Aquellos mismos ojos despectivos se transformaron lentamente… El desprecio se convirtió en asombro.
El juicio se tornó en reverencia.
La mirada de Spike se suavizó ligeramente al ver cómo cambiaban sus expresiones.
Un joven noble lo señaló, con los ojos muy abiertos por el asombro.
—Vaya, Madre… ¡mira sus alas!
¡Tienen garras!
Su madre sonrió levemente.
—Sí, querido.
Ese es el don de Tiamat para él.
Realmente parece un dragón, ¿no crees?
—¡Sí!
Caminó con orgullo detrás de su padre por el vasto salón de la catedral.
A cada lado de la cámara, colgaban estandartes del imponente techo, cada uno representando a una de las Siete Grandes Casas Nobles.
Sus símbolos eran distintivos y orgullosos: un colmillo de dragón azul, una escama carmesí, un corazón negro y otros cuatro de antiguos sigilos se mecían suavemente en el aire de la catedral, cada estandarte susurrando sobre linajes más antiguos que el propio reino.
Los nobles estaban de pie en hileras ordenadas bajo ellos.
Las joyas tintineaban suavemente mientras se inclinaban: anillos chocando contra anillos, cadenas rozando collares enjoyados.
Sus gestos eran gráciles, practicados, las reverencias de gente que se había pasado la vida representando lealtad.
Pero mientras que los mayores mantenían su perfecta compostura, no se podía decir lo mismo de los que estaban detrás de ellos.

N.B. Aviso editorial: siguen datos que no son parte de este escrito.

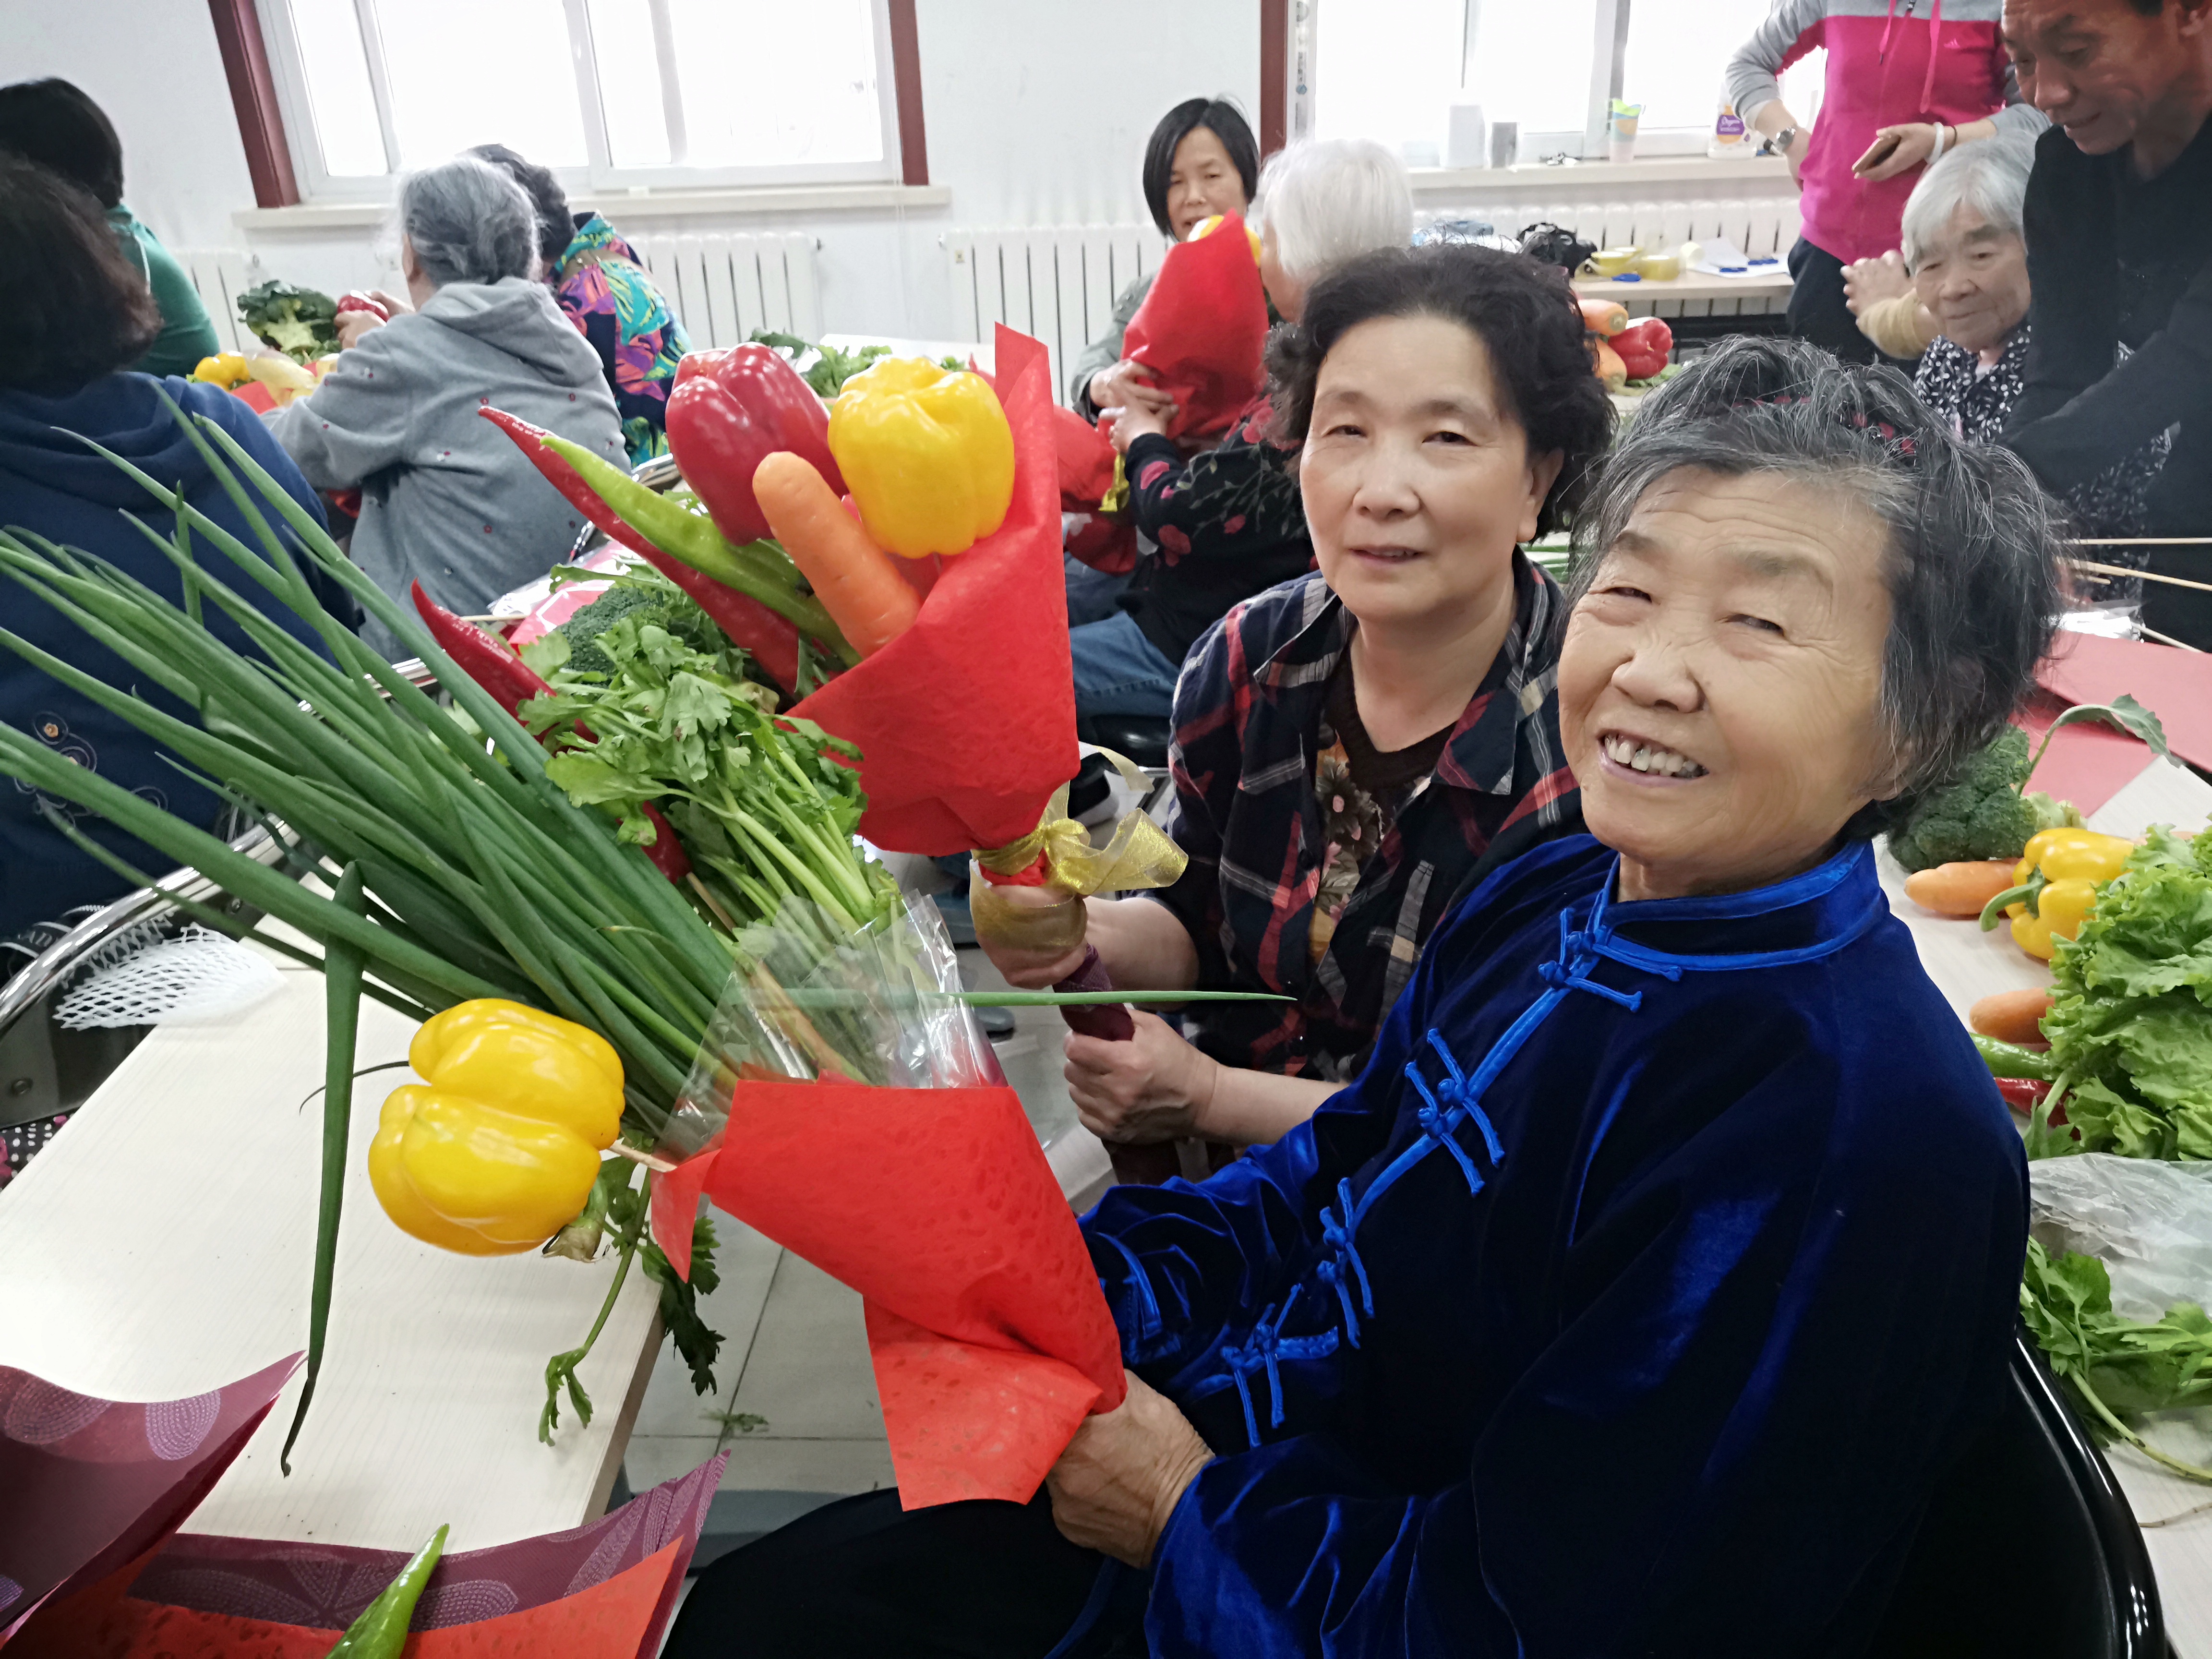 迎母亲节北京一社区组织妈妈扎蔬菜花束送神秘祝福 国内 新京报网

Sus jóvenes herederos apenas podían contenerse.
Los susurros estallaban como chispas entre ellos, voces emocionadas que se escapaban del cuidadoso silencio que sus padres intentaban mantener.
Sus ojos no estaban en el Rey, ni en la corte, estaban fijos en el recién nacido Nacido de Dragón.
Había una razón para su emoción.
Una tradición más antigua que el propio reino seguía a cada Rito del Dragón exitoso…
Al otro extremo del salón, cerca de la enorme estatua de Tiamat, se encontraban los Siete Miembros del Consejo.
Sus ropajes llevaban los símbolos de las grandes casas, mostrando que cada uno de ellos representaba a sus respectivas casas en los asuntos del reino.
Su presencia portaba el peso del propio reino.
Por un momento, Spike creyó que lo peor podría haber pasado.
Quizás la nobleza empezaba a aceptarlo.
Pero entonces sus ojos azul medianoche se detuvieron en un hombre.
Morgant.
El consejero permanecía perfectamente inmóvil entre los demás.
Su largo pelo negro estaba atado en una coleta baja impecable, sin un solo mechón fuera de lugar.
Sus túnicas eran oscuras e inmaculadas, y su rostro estaba tallado con la misma fría quietud que las estatuas de mármol que lo rodeaban.
Mientras los otros miembros del consejo lucían sonrisas de ceremonia y aprobación… los ojos de Morgant no contenían más que desprecio.
El hombre se inclinó ligeramente hacia uno de los nobles a su lado, su voz baja pero lo suficientemente afilada como para cortar.
—Así que… el Rey por fin ha producido a su Primer Dracónido.
Sus labios se curvaron ligeramente.
—Nacido de un vientre contaminado de miserables y mezquinos vulgares.
¡Hmph!
Patético.
La mirada de Morgant se desvió hacia Spike, como si examinara una joya defectuosa.
—Puede que el Rey haya bañado a este chico en la sangre de un dios… Pero un medio sangre sigue siendo un medio sangre.